Reproduce only the lines below from the line containing "joaca casino live fortuna" to the line containing "Flexible Thin Single", exactly as written, with both end lines kept. Omit the pictures.

# Stored data:
= = = = = = =

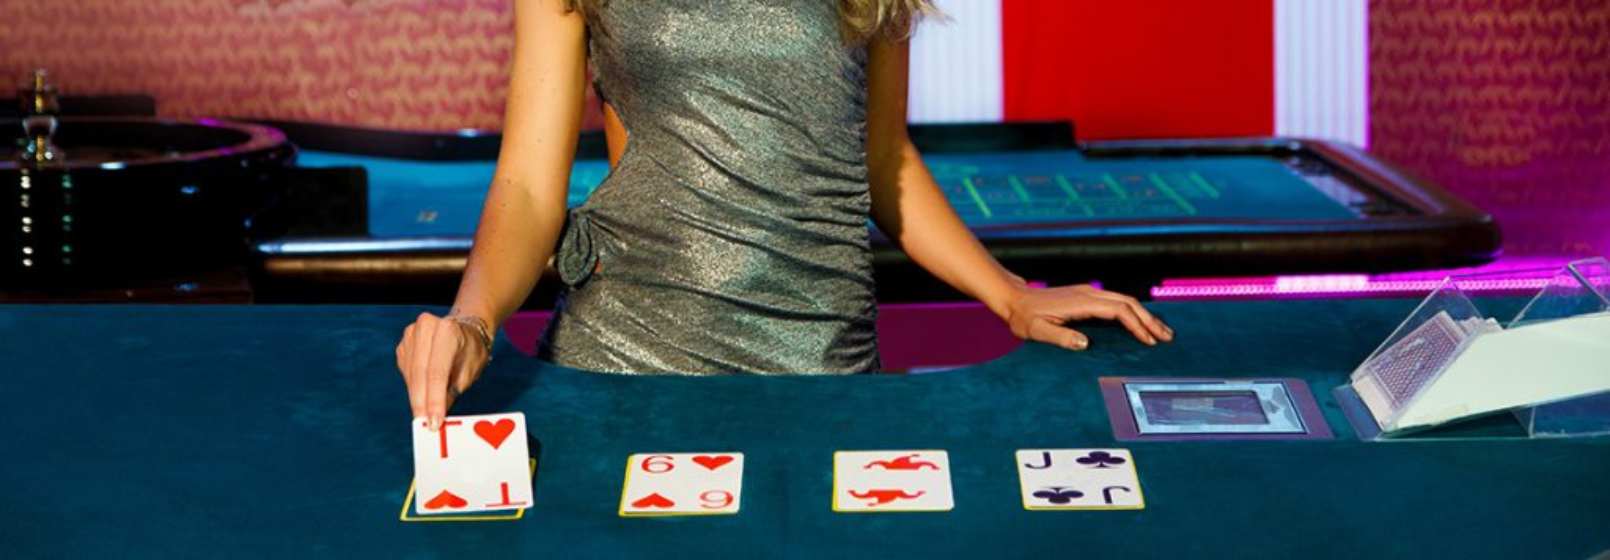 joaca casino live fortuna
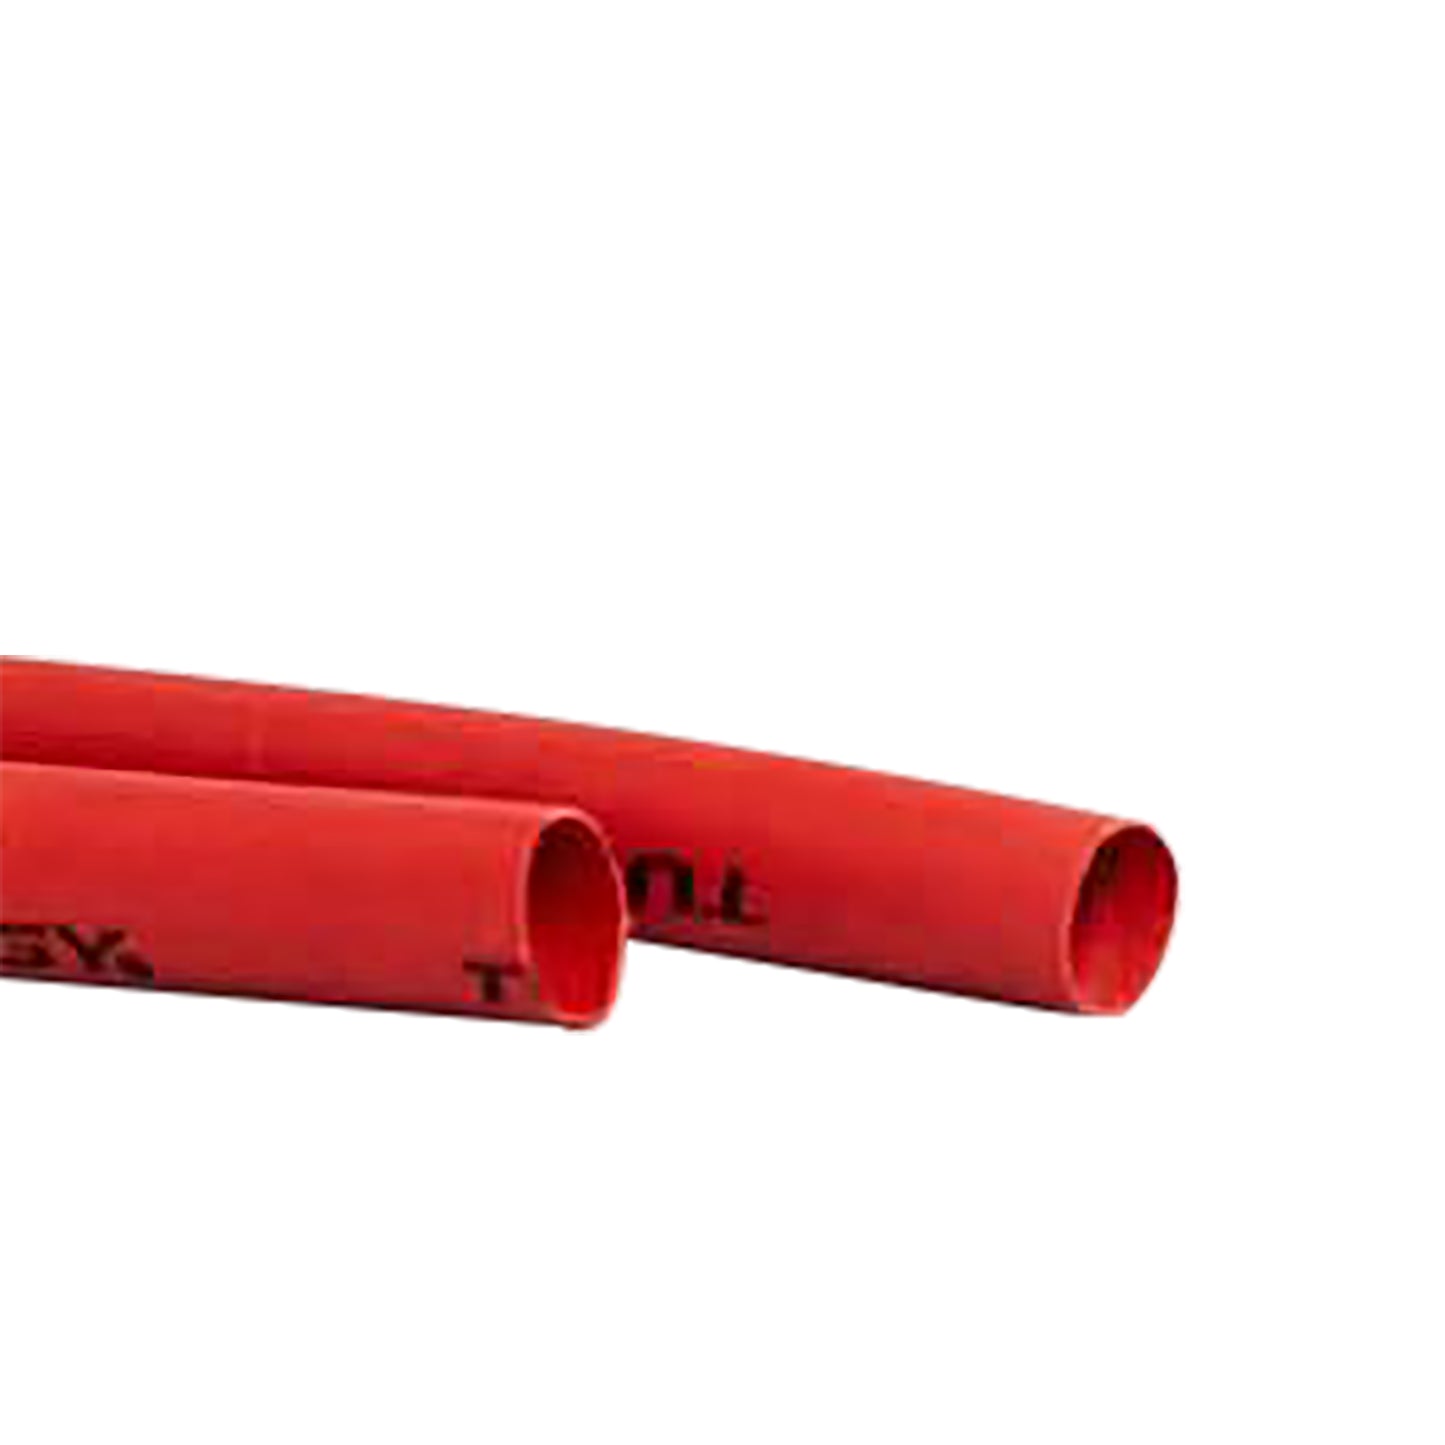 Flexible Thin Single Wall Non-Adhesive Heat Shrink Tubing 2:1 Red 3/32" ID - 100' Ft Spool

= = = = = = =

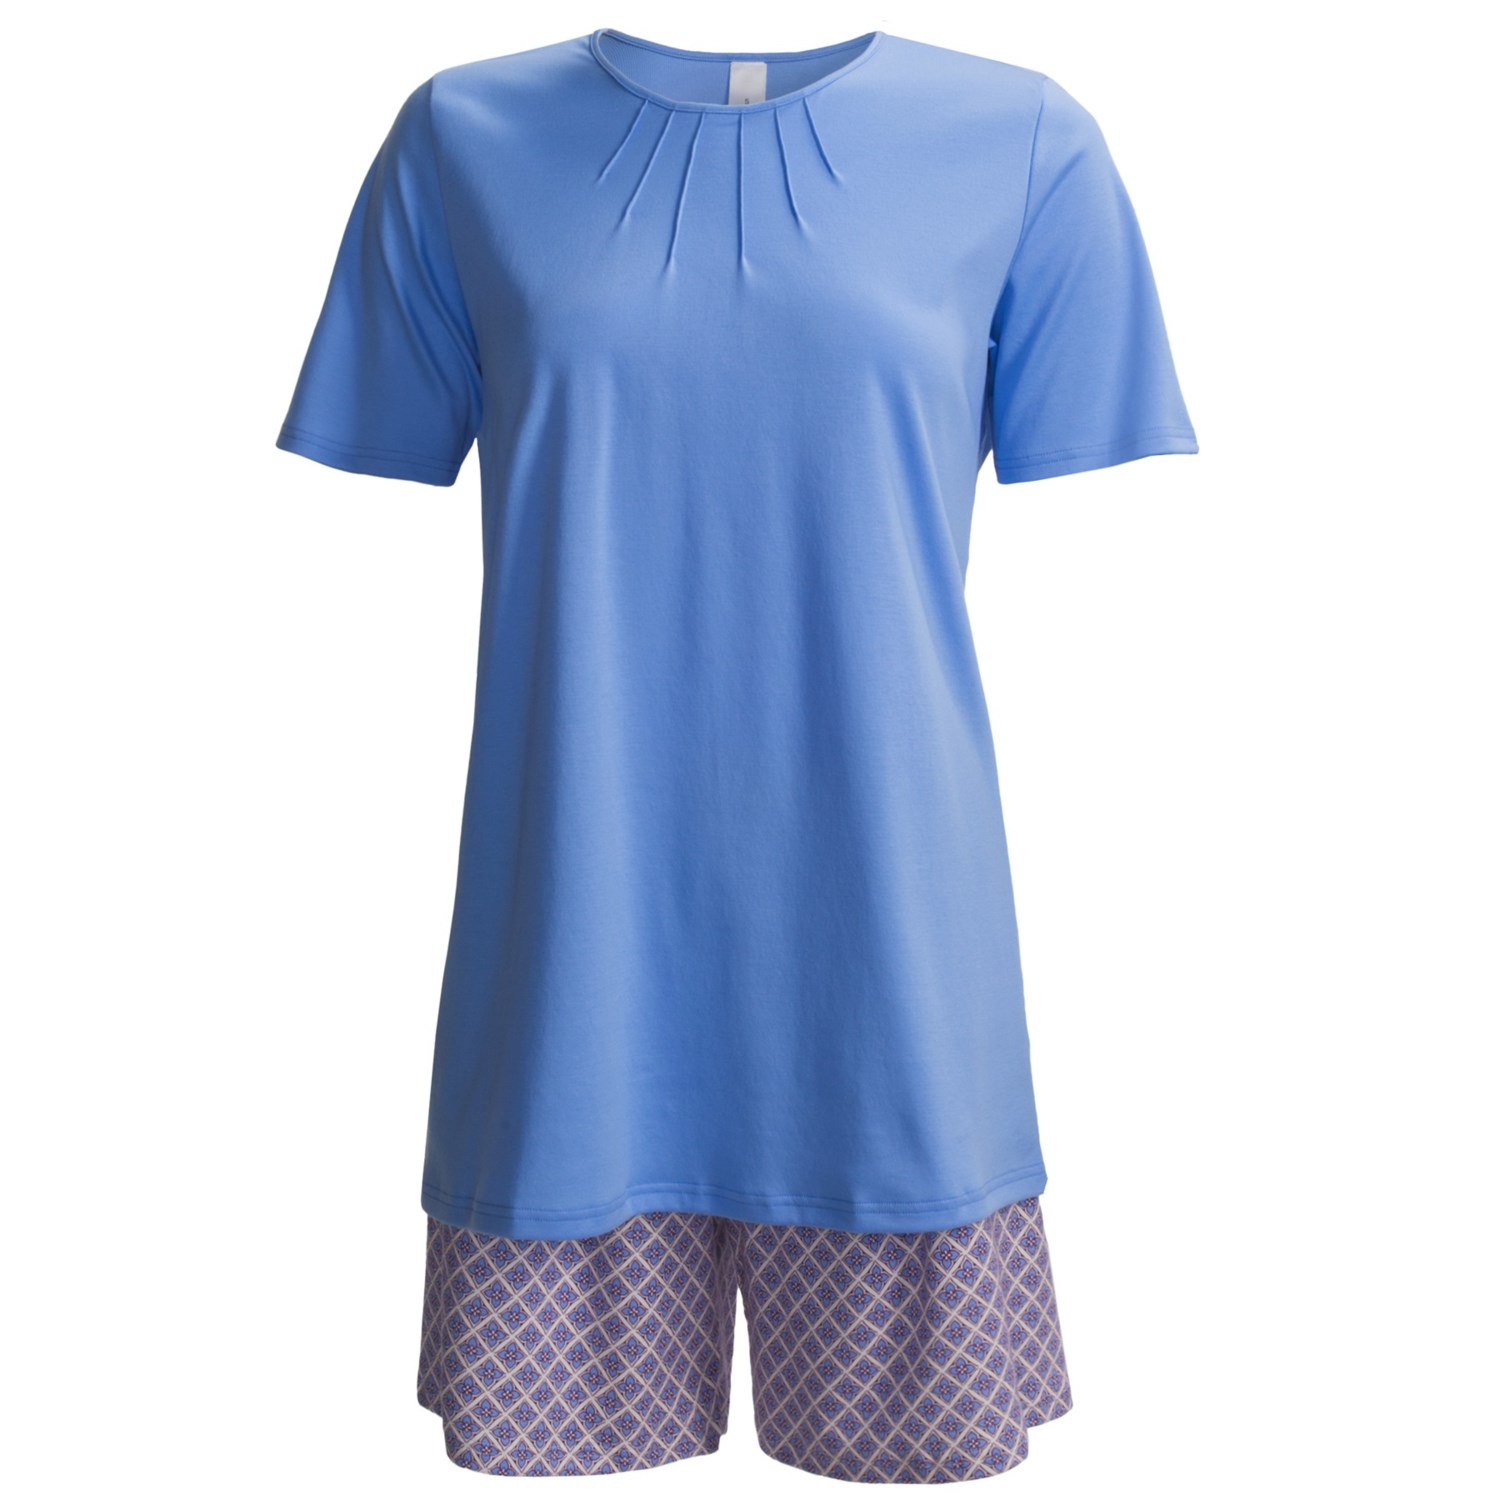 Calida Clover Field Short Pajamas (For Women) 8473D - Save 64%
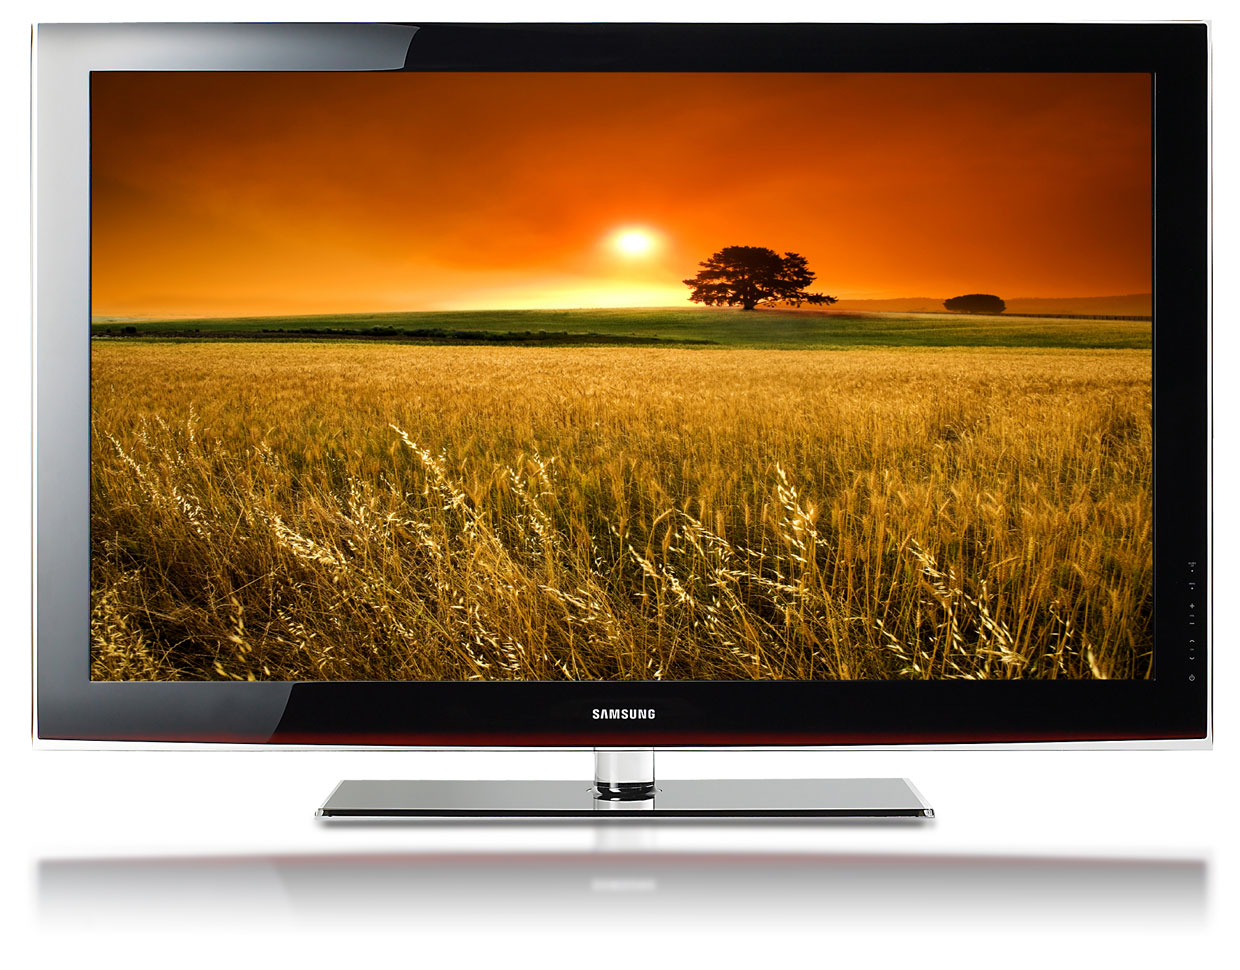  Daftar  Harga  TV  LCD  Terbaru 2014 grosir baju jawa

= = = = = = =

# Completed task:
 joaca casino live fortuna
 Flexible Thin Single Wall Non-Adhesive Heat Shrink Tubing 2:1 Red 3/32" ID - 100' Ft Spool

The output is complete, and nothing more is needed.